I am also most grateful to hear that his honourable friend Mr. Freeman will be addressing the National Schizophrenia Fellowship; he will make a Statement on the detail as regards the severely mentally ill which is still awaited. I hope that the not so severely mentally ill will also be included. The term covers a wide range of people and I hope that he will not be as restrictive as that. In general I welcome what we have heard today.
§ Lord HenleyMy Lords, I thank my noble friend for those remarks. I do not know what my honourable friend Mr. Freeman will be saying. However, knowing the noble Lord's interest and having listened carefully to the discussions on his Schizophrenia After-Care Bill when it was going through this House, I think it very likely that tomorrow he will be there to listen to my honourable friend's speech and take note of what he says.
§ The Lord Privy Seal (Lord Belstead)My Lords, this has been a very long Statement and it is quite understandable that the House has wanted to take the length of time that it did to discuss it. Nevertheless, we have been discussing it for half an hour. Perhaps I may suggest that we now take the next intervention, that of the noble Lord, Lord Seebohm, and then pass on to the next business.
§ Lord SeebohmMy Lords, I shall be brief. I speak in my capacity as president of Age Concern. The announcement that we have heard today comes as a very great relief to me and, I am sure, to all my colleagues in Age Concern. My main worry is whether we shall have sufficient funds to undertake all the training and retraining that will be necessary as well as the other facilities that will be required in setting up this new system. I think that that will be very important.

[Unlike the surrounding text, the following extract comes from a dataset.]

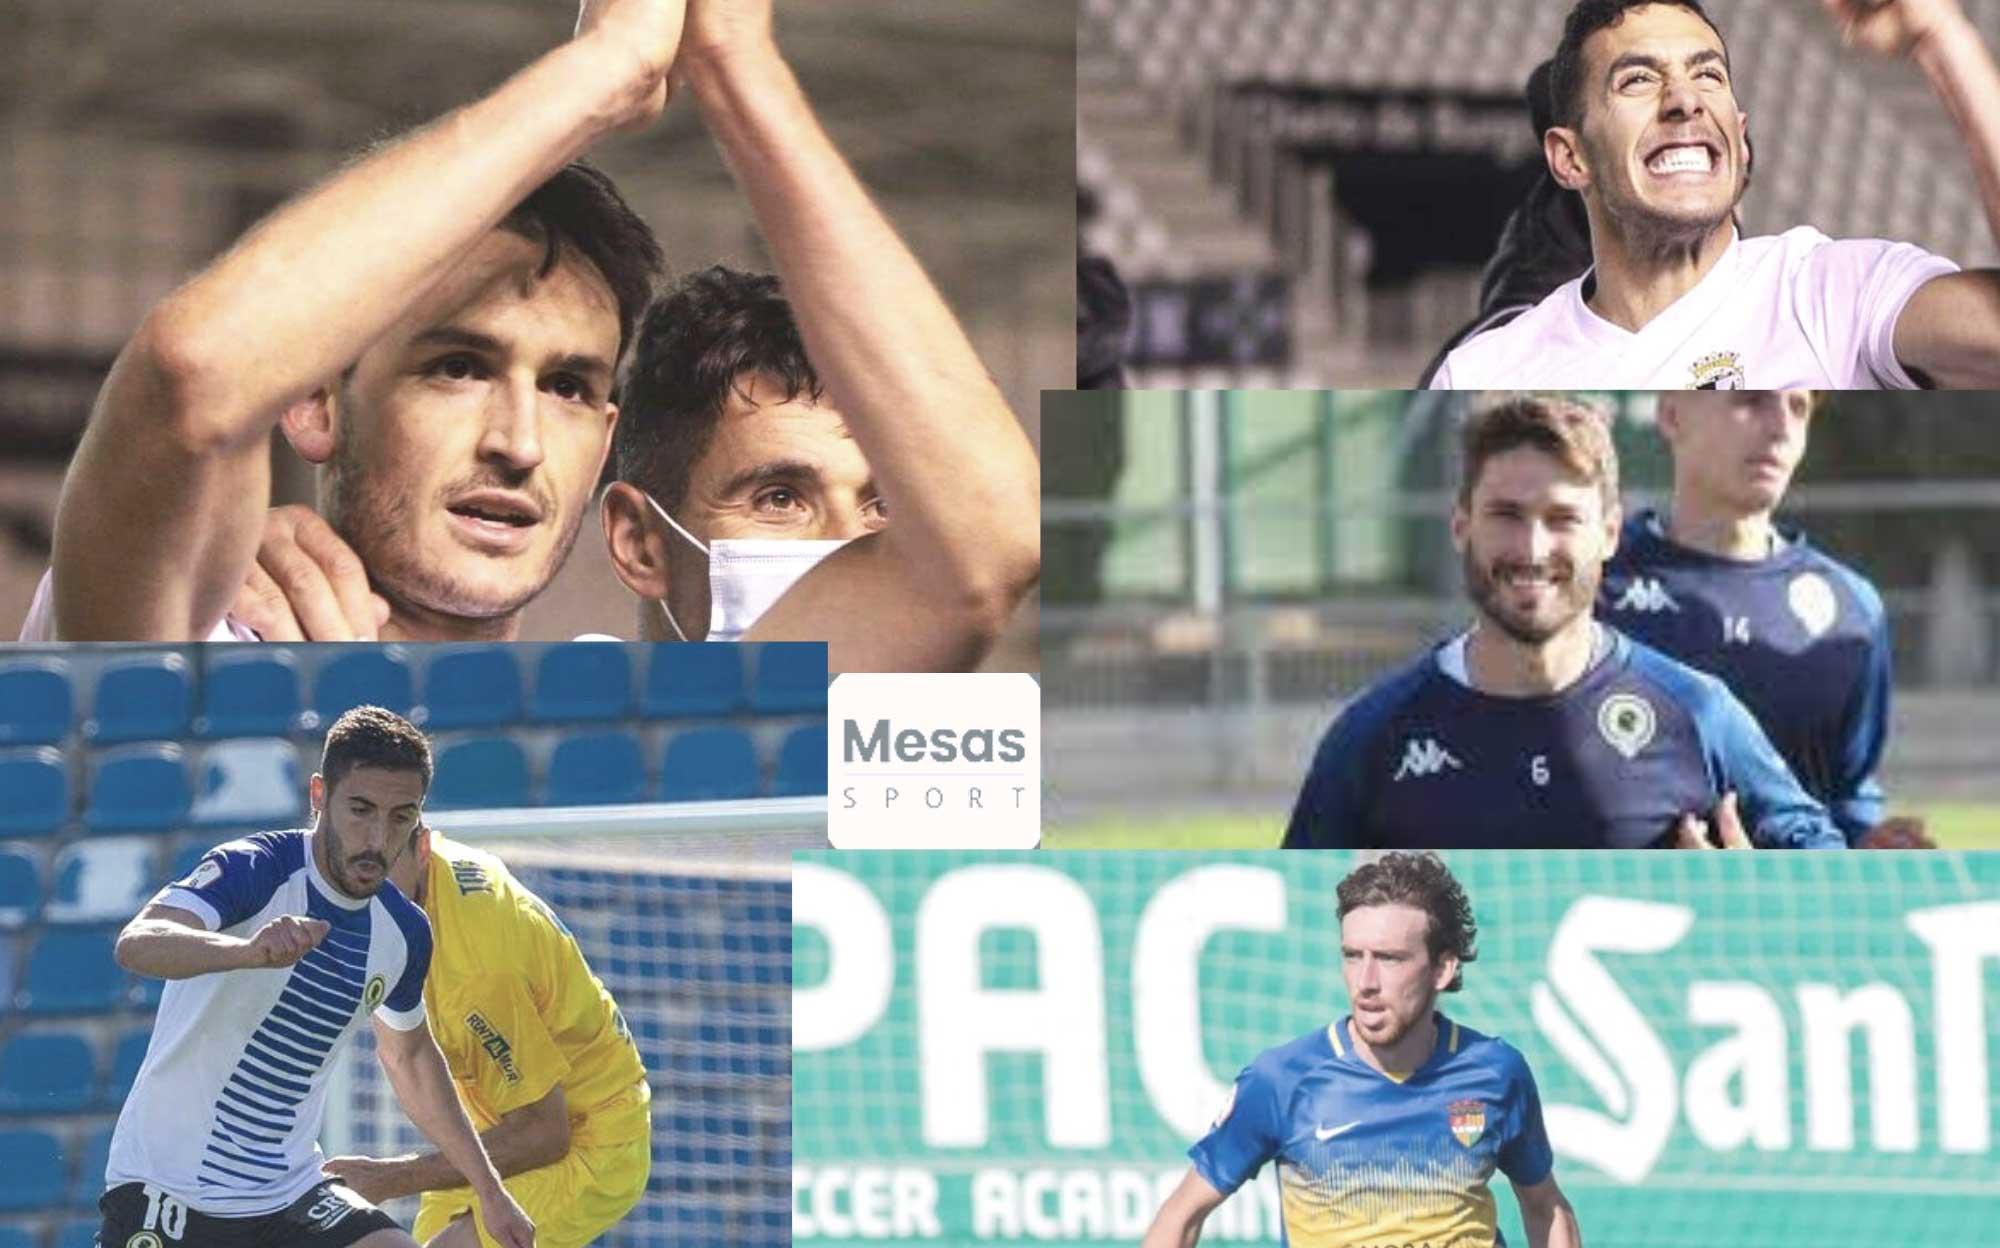 Imagen de futbolistas Mesas Sport

It may be of some small interest to the House to learn that after nearly 20 years on the 24th of this month I shall be handing over the presidency of Age Concern to Sir Roy Griffiths.
§ Lord HenleyMy Lords, I thank the noble Lord for his comments. As regards funding, I cannot add to what I have already said. We spend a great deal on community care, and funding has been rising steadily throughout the past decade. Of course, Her Majesty's Government will ensure that adequate funding is made available.
Lord WinstanleyMy Lords, I should like to put two brief and specific questions to the noble Lord before we proceed to other business. First, since local authorities will be given the resources to provide community care rather than merely the opportunity to take the blame for community care not being provided, does he think that it would be helpful if a named and known local government officer were to be made responsible for this work? If so, does that mean that there is now a case for restoring the old and much respected office of medical officer of health in local government? The medical officer of health carried out many of the new functions which the noble Lord has just described, saying that local authorities will have to undertake them.
Secondly, can the noble Lord confirm the new arrangements for ensuring that mentally ill patients are not discharged from hospital until the community care arrangements are in place? Will those new arrangements come into force tomorrow, after the Minister speaks, or will they have to wait until 1991?
§ Lord HenleyMy Lords, with regard to the noble Lord's first question, I should have thought that what they call the officer is a matter for the local authorities. In my view the title director of social services is just as good as chief medical officer but I leave that matter to the local authorities.
So far as concerns discharges from hospitals, I can only repeat that the position remains the same. No one should be discharged from hospital until adequate care arrangements are available. That has always been the case.